El-Syakir berlari sekuat tenaga dan hap.... tangannya langsung memegang kaki Vino sehingga dirinya ikut di seret. sudah tidak dipedulikan luka yang mereka alami.
bughhh
bughhh
mereka di lempar ke langit-langit lorong dan
bughhh
bughhh
"aaaggghh"
bukan El dan Vino yang kesakitan melainkan Bara dan Leo. mereka berdua menjadikan tubuh mereka sebagai tempat mendarat kedua sahabat mereka itu.

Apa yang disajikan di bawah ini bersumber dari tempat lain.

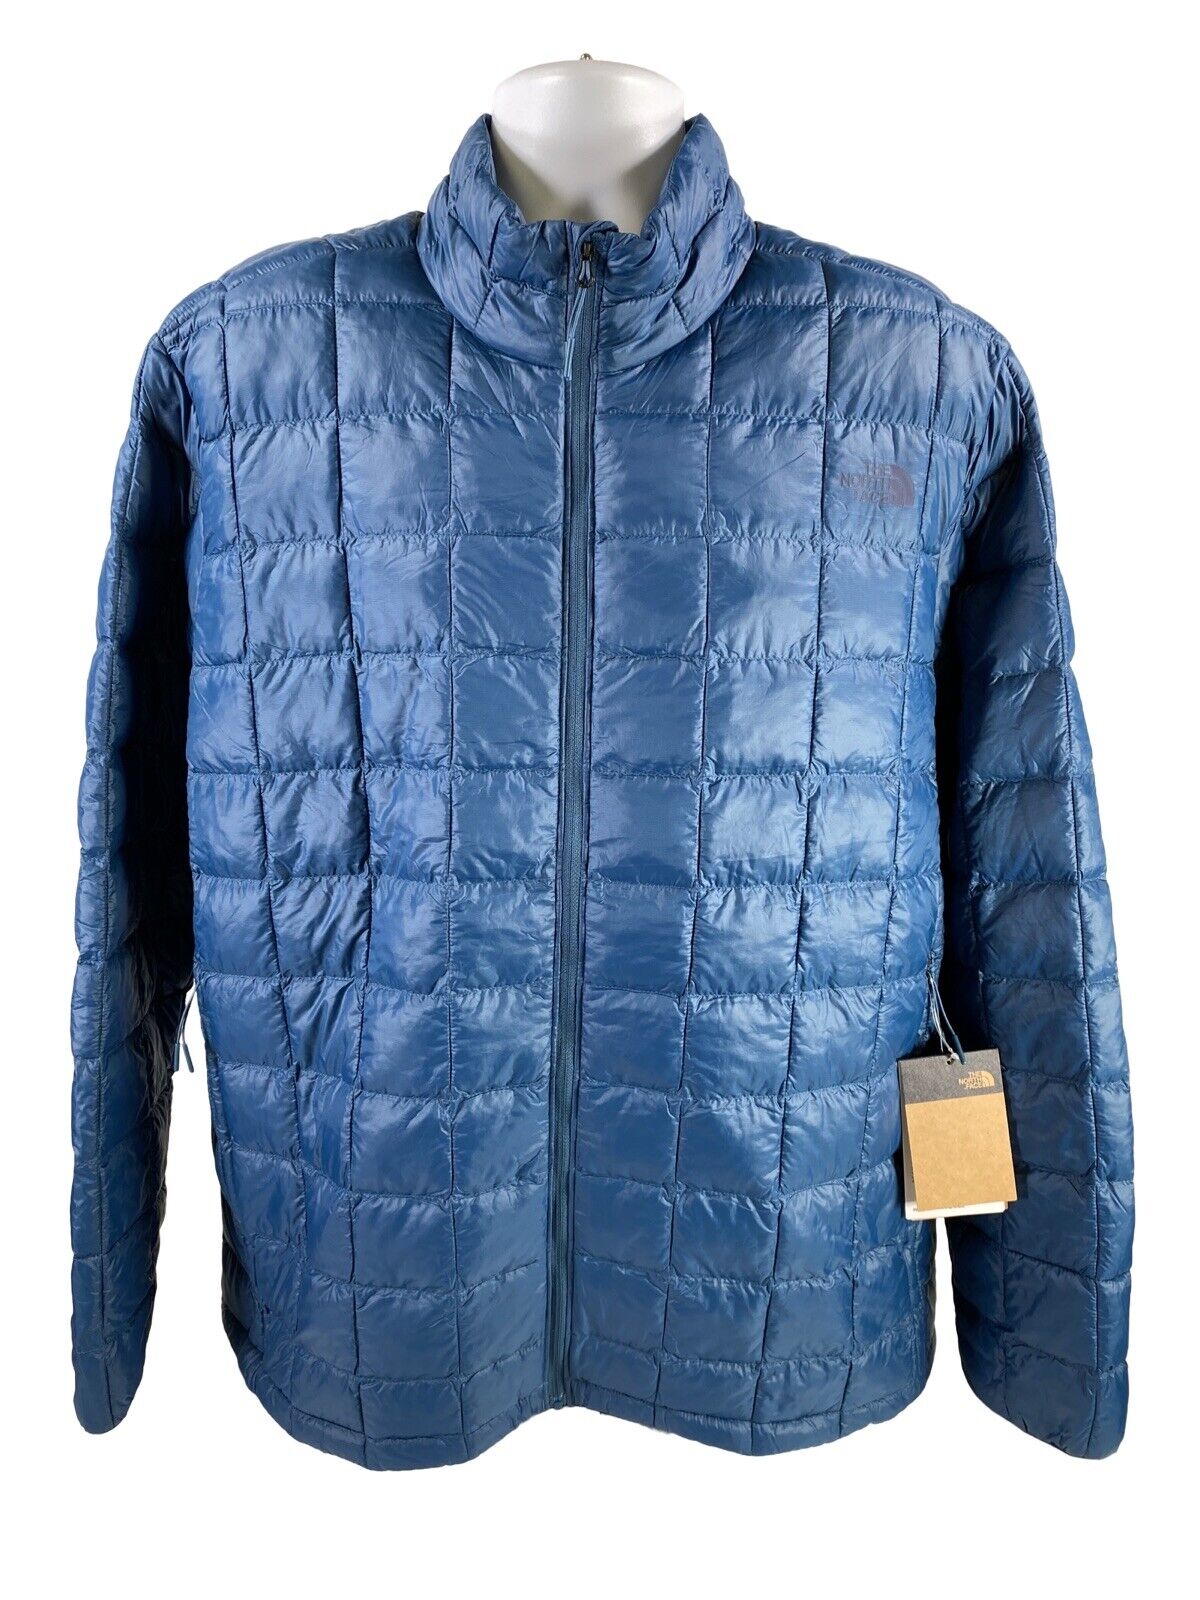 NUEVA chaqueta ecológica Thermoball azul Monterey de The North Face para hombre - XXL
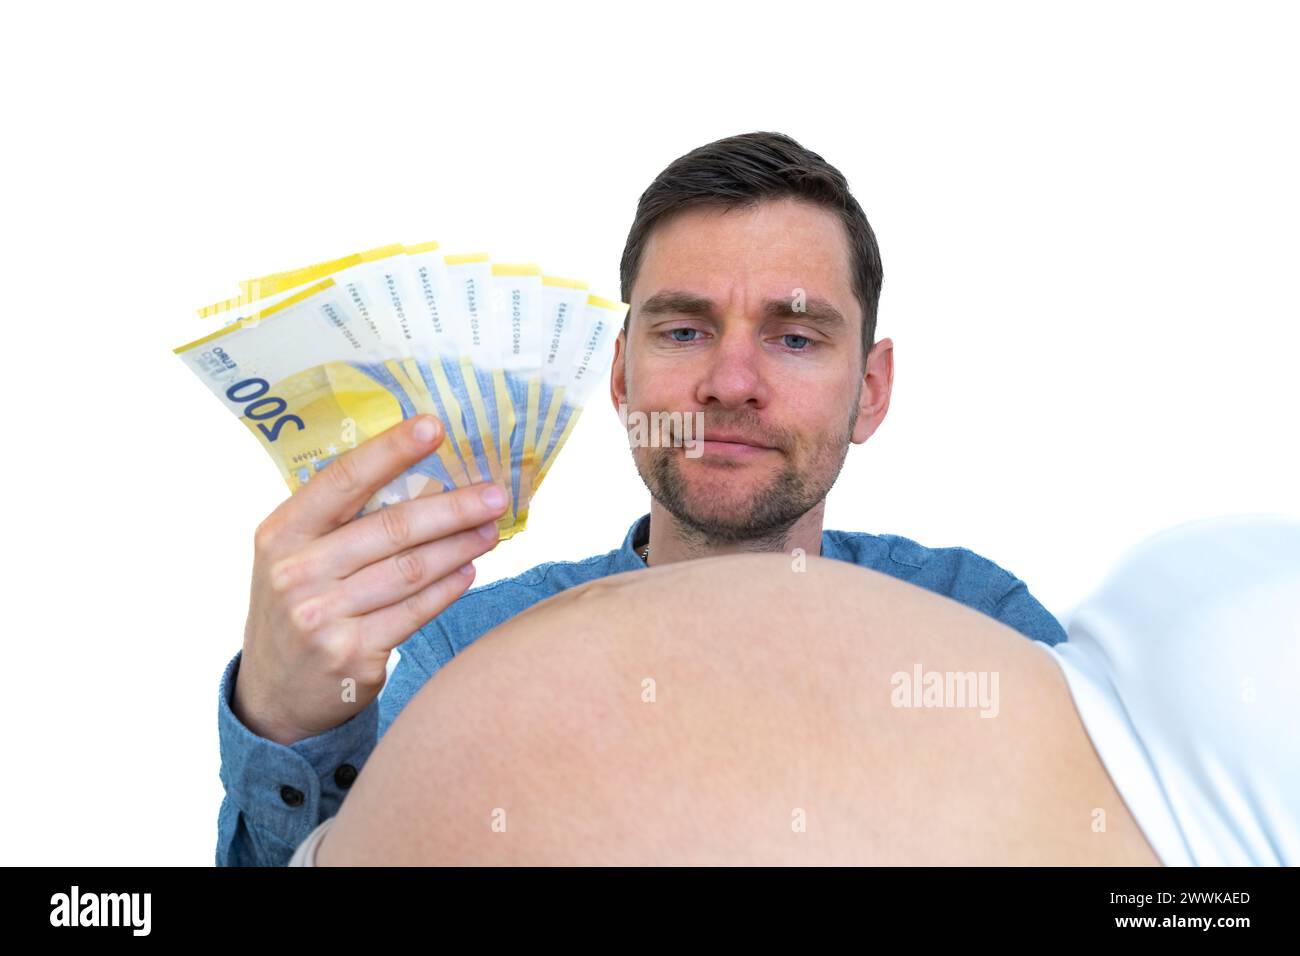 Beschreibung: Werdender Vater mit Banknoten in der Hand betrachtet nachdenklich die Schwangere. Letzter Schwangerschaftsmonat - Woche 39. Weißer Hintergrund. Br Stockfoto

"sumpah, elu berat banget Vin" Bara menggeser tubuh Vino
"thanks Bar" Vino yang sudah babak belur membantu Bara untuk berdiri begitu juga El-Syakir yang membantu Leo
belum sempat mengatur nafas, makhluk itu sudah merayap dengan cepat di dinding dan hendak menusuk Leo dengan ekornya yang runcing seperti kalajengking namun El-Syakir menarik tubuh Leo ke samping dan ia memotong ekor makhluk itu dengan keris larangapati.
kaaaaaaak....kaaaaaaak
makhluk itu mengerang sakit dan akhirnya lenyap seketika. keris larangapati memang keris yang dapat memusnahkan makhluk halus. namun meskipun begitu belum bisa untuk memusnahkan ratu Sri Dewi yang mempunyai kekuatan luar biasa.
"istrahat dulu deh, gue benar-benar lelah" Vino bersandar di dinding lorong
"kalian kenapa bisa ada di sini...?" tanya El
"kami datang mau memberitahu kalau ratu Sri Dewi ada di tempat ini untuk menemui Senggi" jawab Bara
"kalau kami nggak datang, bisa-bisa kalian ketahuan olehnya. yaa meskipun kami telah membetahu tidak menutup kemungkinan kita akan ketahuan tapi setidaknya kita lebih berhati-hati karena sudah tau kalau dia ada di sini" lanjut Bara
"terus sekarang bagaimana...?" tanya Leo
"sudah dua lorong yang kami masuki, dan tidak ada Senggi di keduanya" jawab El
"nggak ada Senggi tapi kita disambut oleh berbagai makhluk mengerikan. masih tersisa dua lorong lagi. entah makhluk apa lagi yang akan menanti kita di sana" timpal Vino yang sudah sangat merasa lelah
"yang jelas salah satunya pasti lorong dimana Senggi di tawan" ucap El
"kalau gitu kita mencar saja untuk mempercepat pencarian" Bara memberikan usul
"boleh, dan kita harus bertemu di tempat titik dimana kita keluar nanti, di lingkaran itu" El setuju
"nanti kalau salah satu dari kelompok kita bertemu ratu Sri Dewi bagaimana...?" tanya Vino
"yaaa usahakan agar tidak bertemu" jawab El
"elu pikir gampang apa. tapi ya sudah lah. sebaiknya kita bergerak cepat" ucap Vino
mereka berempat keluar dari lorong itu dan menuju lorong selanjutnya. tersisa dua lorong lagi. Bara dan Leo masuk di lorong ke tiga sementara El dan Vino masuk di lorong keempat. lorong kelima adalah jalan keluar menuju pintu untuk naik ke atas.
entah ada makhluk apalagi yang menanti mereka di dalam sana. mereka harus bersiap menghadapi apapun yang menghalangi nanti. namun tentu saja mereka berharap pencarian mereka dapat membuahkan hasil.